Sucede un fenómeno curioso
cuando cumples los treinta; uno del que nadie te habla y que poco tiene que ver
con la famosa “crisis de”. Es algo al
margen de la preocupación por las primeras arrugas, el agravamiento de las
resacas o el cálculo de los años fértiles. Va más allá de eso; tanto, que te
sobrepasa hasta el punto de hacerte desaparecer: te evaporas. Fuera. Invisible.
Una desintegración inmediata que está más unida a lo institucional y la
estadística, que a la desaparición física del cuerpo.
Alcanzado el número mágico,
entras en un punto muerto donde no eres lo suficientemente joven pero tampoco lo
bastante viejo como para acogerte a algún tipo de incentivo o ayuda reservada a
otros grupos demográficos. Se sobreentiende −al parecer− que a esa edad debes
tenerlo todo resuelto y, tal vez, esto fuera cierto en otros tiempos sin
crisis, donde no se exigía una formación concatenada y multidisciplinar. Esto
es: una carrera (o dos), idiomas, máster y algún que otro curso sobre nuevas
tecnologías y desarrollo de marca personal. Una preparatoria (te aseguraban)

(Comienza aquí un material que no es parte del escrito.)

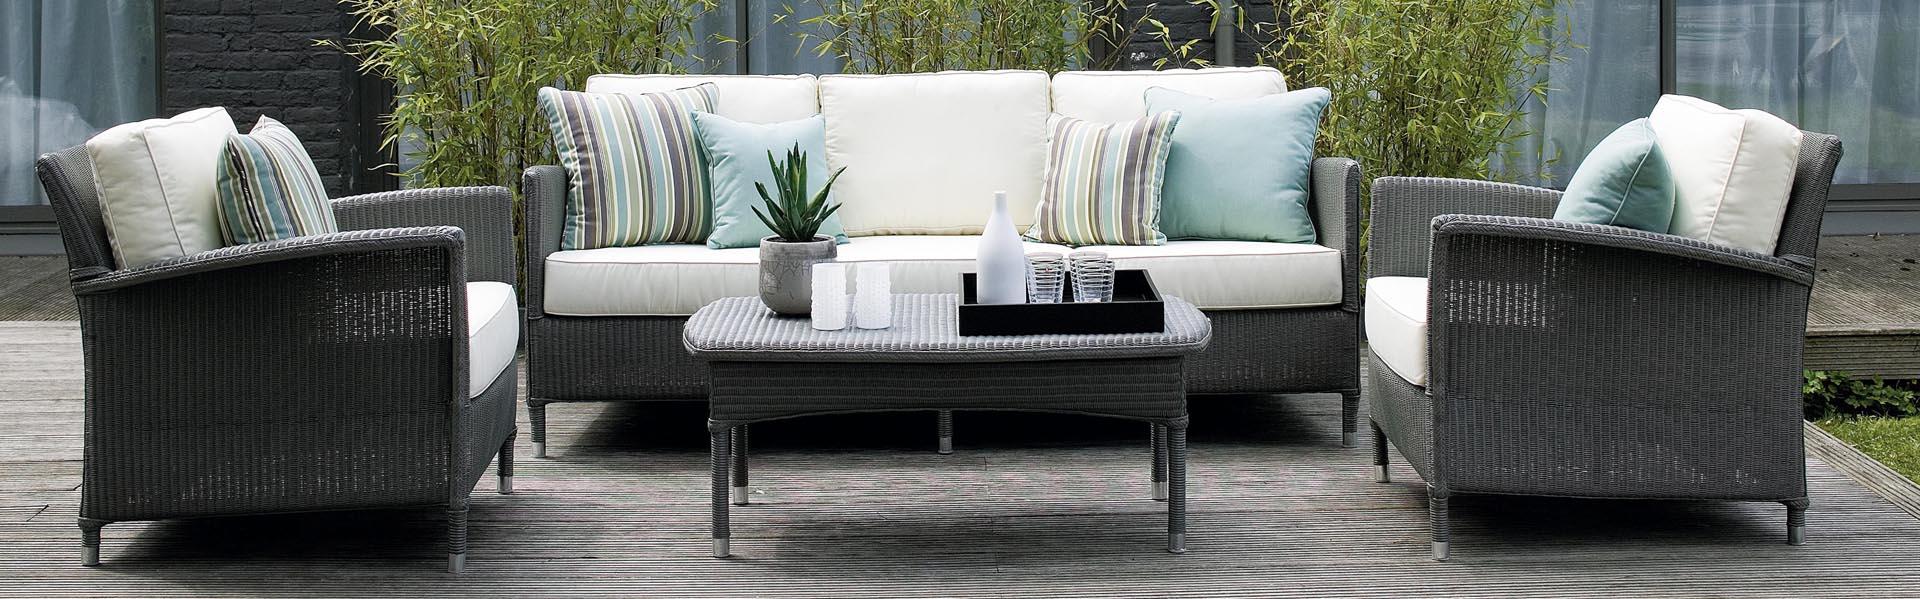 loom m bel von vincent sheppard und maritime stoffe von nya nordiska. Black Bedroom Furniture Sets. Home Design Ideas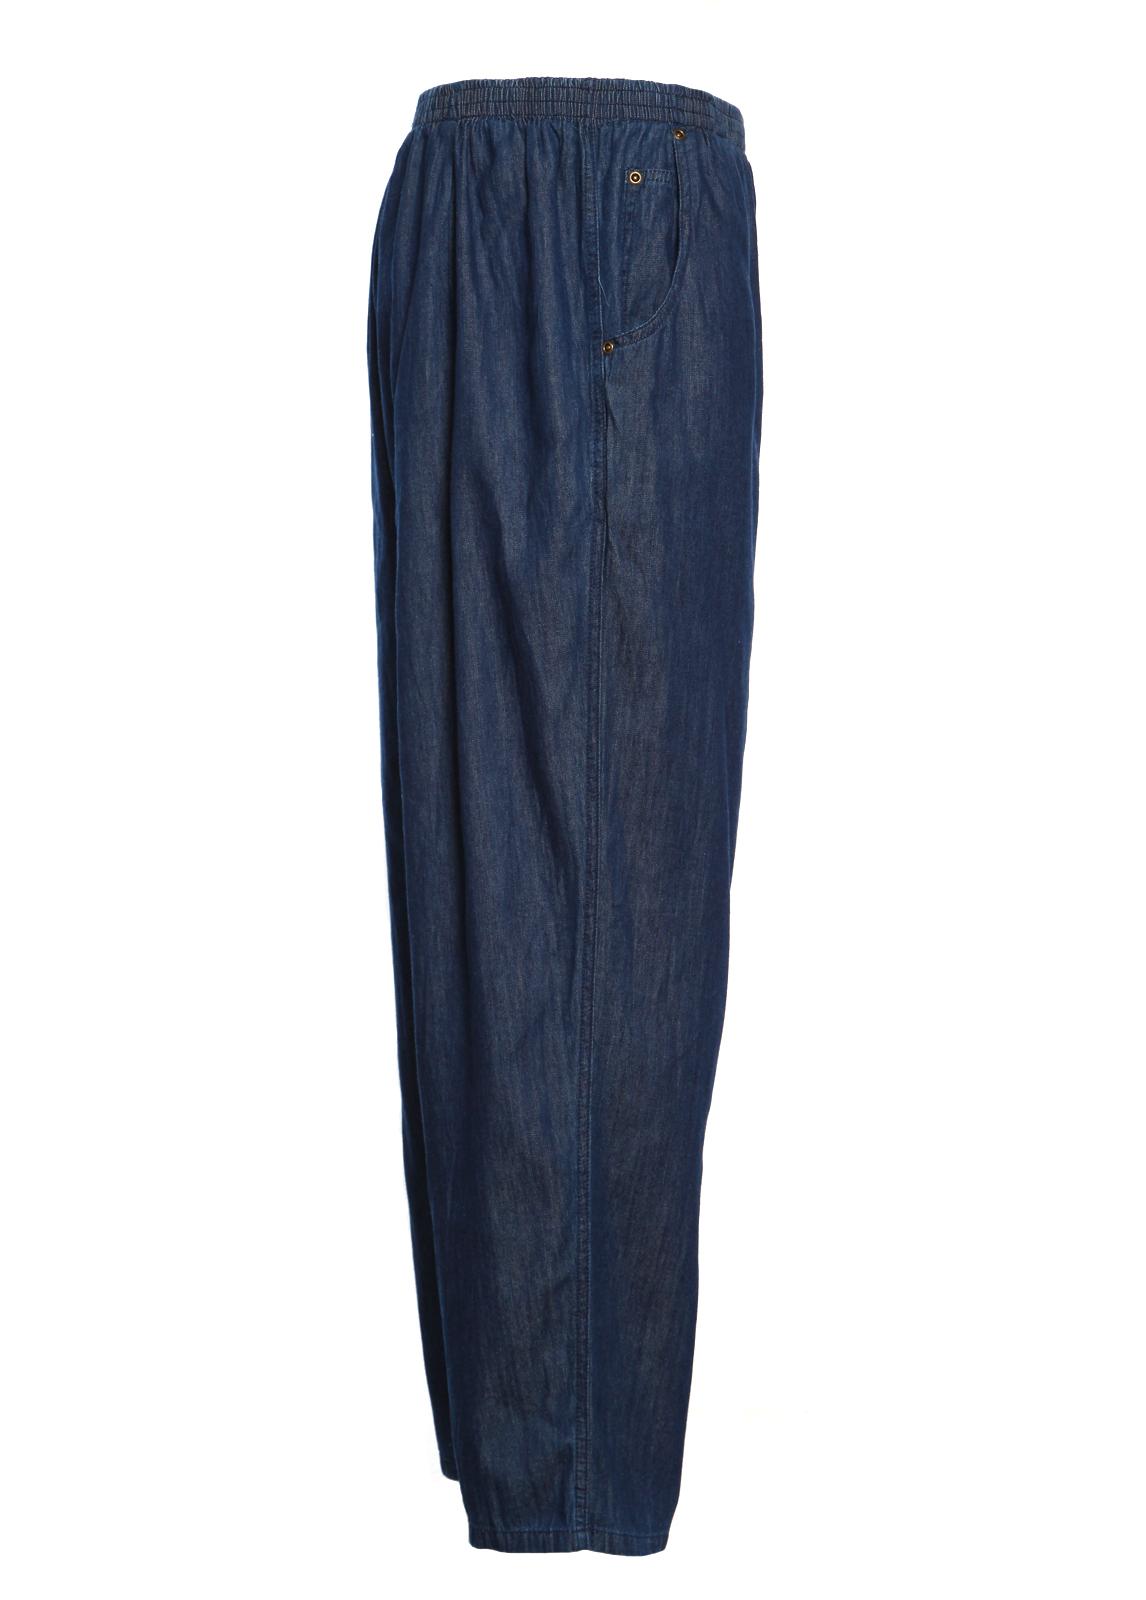 Beautiful Koret Womens Elastic Waist Casual Denim Casual Jeans Pull On Pants

que permitiría tu entrada, amortiguada y entre algodones, al mercado laboral.
Claro que, alcanzar estos
méritos requiere, como mínimo, tiempo; y a falta de un DeLorean, vas soplando velas y te plantas en unos veintimuchos,
ignorando el largo recorrido que te queda por delante: una yincana de destreza
e ingenio al borde del abismo, que empieza −como no− con la confección del que
será tu currículum. Uno con el que inundas tu ciudad y los portales de empleo
del país y aledaños. Seguido de una puesta a punto del perfil en LinkedIn e, incluso, de una visita al Servicio Canario de Empleo para obtener
tu DARDE, un número mágico que cambia cada tres meses, sin que en tu vida
cambie nada.
Intentar trabajar de cualquier otra cosa se complica a los
treinta porque, para todas esas cadenas que no paran de hacer caja, eres
demasiado mayor; y hasta el más ínfimo de los empleos (temporalmente disponible)
puede permitirse poner filtros disparatados gracias al excedente de personas desempleadas.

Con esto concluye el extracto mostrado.